The proposal would force manufacturers of diesel-powered bulldozers, farm combines and other equipment not used on roadways to install modern emission controls between 2008 and 2014. It also would require cleaner burning diesel fuel to be used in land and marine engines. Eventually, the land-based diesel engines will have to use fuel containing 99 percent less sulfur......"

"....By regulating these engines, EPA essentially would be bringing the requirements for off-road vehicles and their fuel in line with those for large highway trucks and buses.

Taken together, the package of regulations ''will be the most far-reaching diesel programs in the world today,'' EPA Administrator Christie Whitman said."

She made some pretty "anti - truck laws" when she was Governor here in NJ. I was wondering how long it would take her to go after the whole US with her new job.... 

~Chuck


----------



## wxmn6 (May 23, 2001)

Well, I don't think that this mean the exisiting machine would have to be converted to meet EPA requirement. I believe that it apply to all new machines starting sometime in between 2008 and 2014. I think that it gives the manufacturers alot of times to design a better fuel system. I know it won't be easy, but with the way technology has been going, I think they can do it. We are polluting the air, so would it be nice to have a cleaner air by designing a better fuel system? If it can be done, why not? I think John Deere and Stihl is doing an outstanding job with the emission control. I think they are the ones that we should watch out for. I know Stihl don't make diesel equipment, but just to point out that there are a certain manufacturers that is focusing on the emission control.


----------



## digger242j (Nov 22, 2001)

Business will always still need to turn a profit. If they can't, they'll quit. If there's a higher cost associated with cleaner running equipment business will pass it along to the consumers--that would be us.

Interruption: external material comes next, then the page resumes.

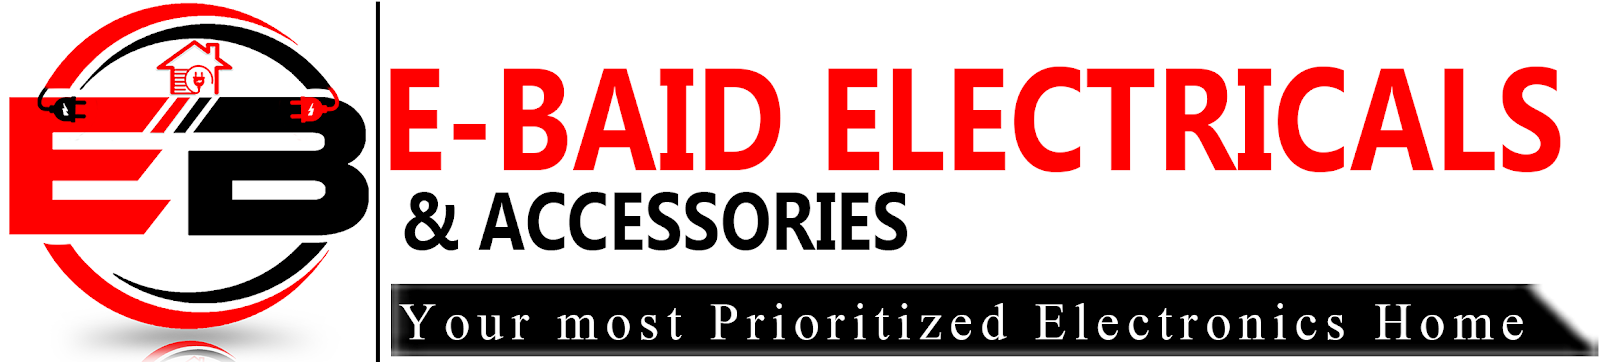 E-BAID ELECTRICALS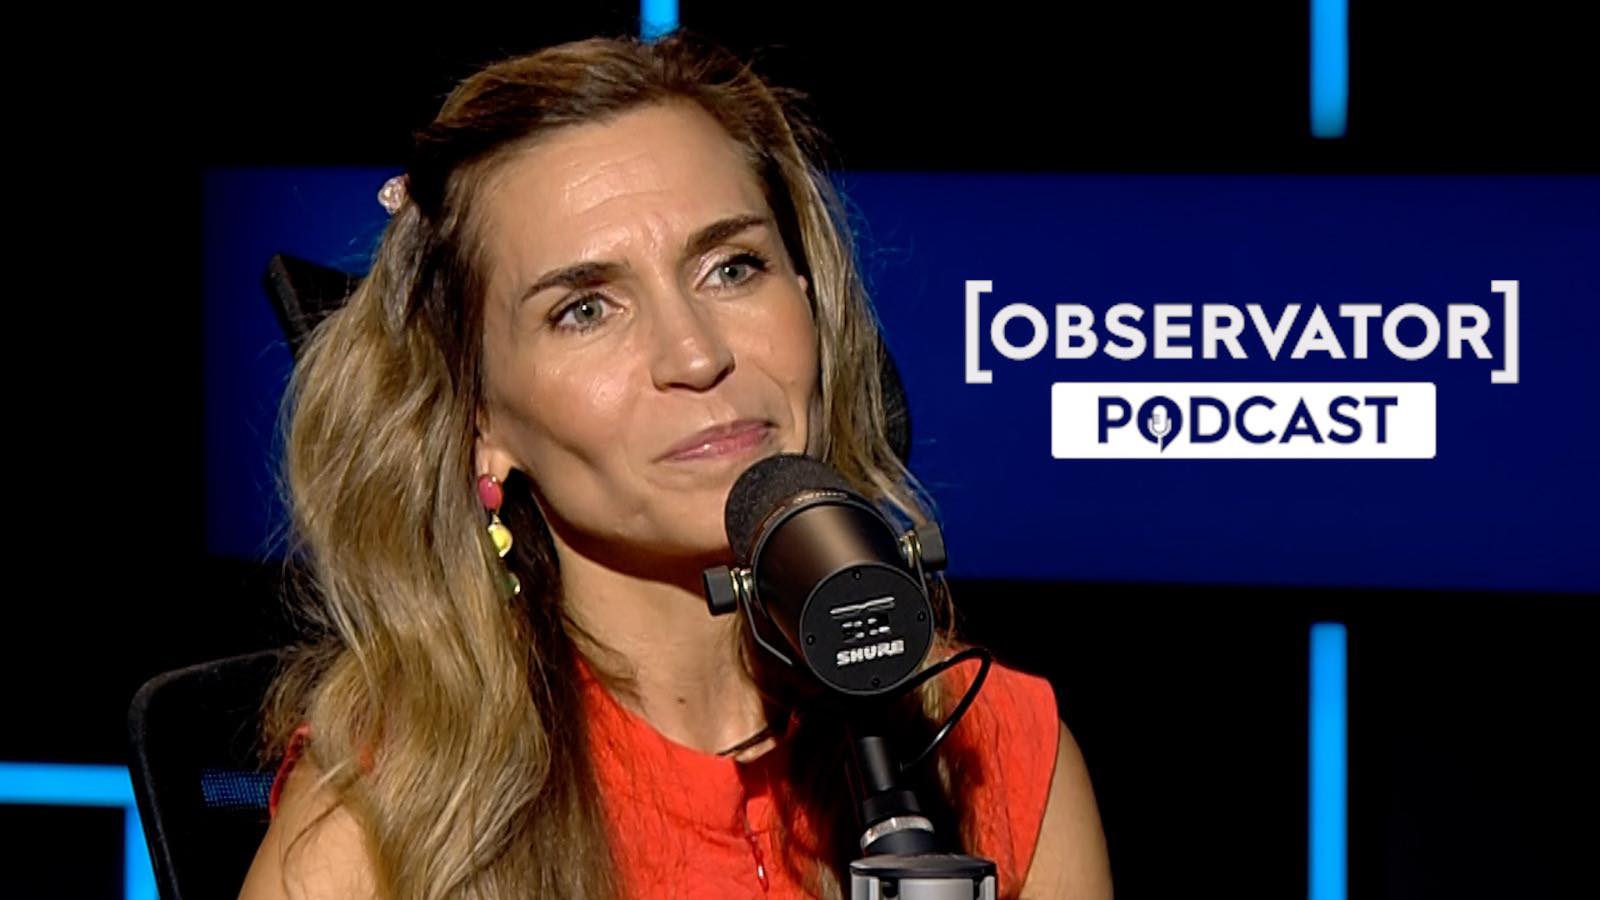 Podcast | Observator: Episodul 3 - Ioana Macoveiciuc (Prințesa Urbană)

Anybody ever give any thought to how much of the cost of consumer goods is accountable to what it costs business to comply with environmental regulations? I don't know, but I'll bet it's significant.

The other cost is that jobs have moved offshore, to countries that have less stringent environmental regulations. They have jobs that used to be here, but they have the smokestacks to go with them.

We sure do have cleaner air and water than we did 40 years ago, but don't kid yourself into thinking somebody else paid for it.


----------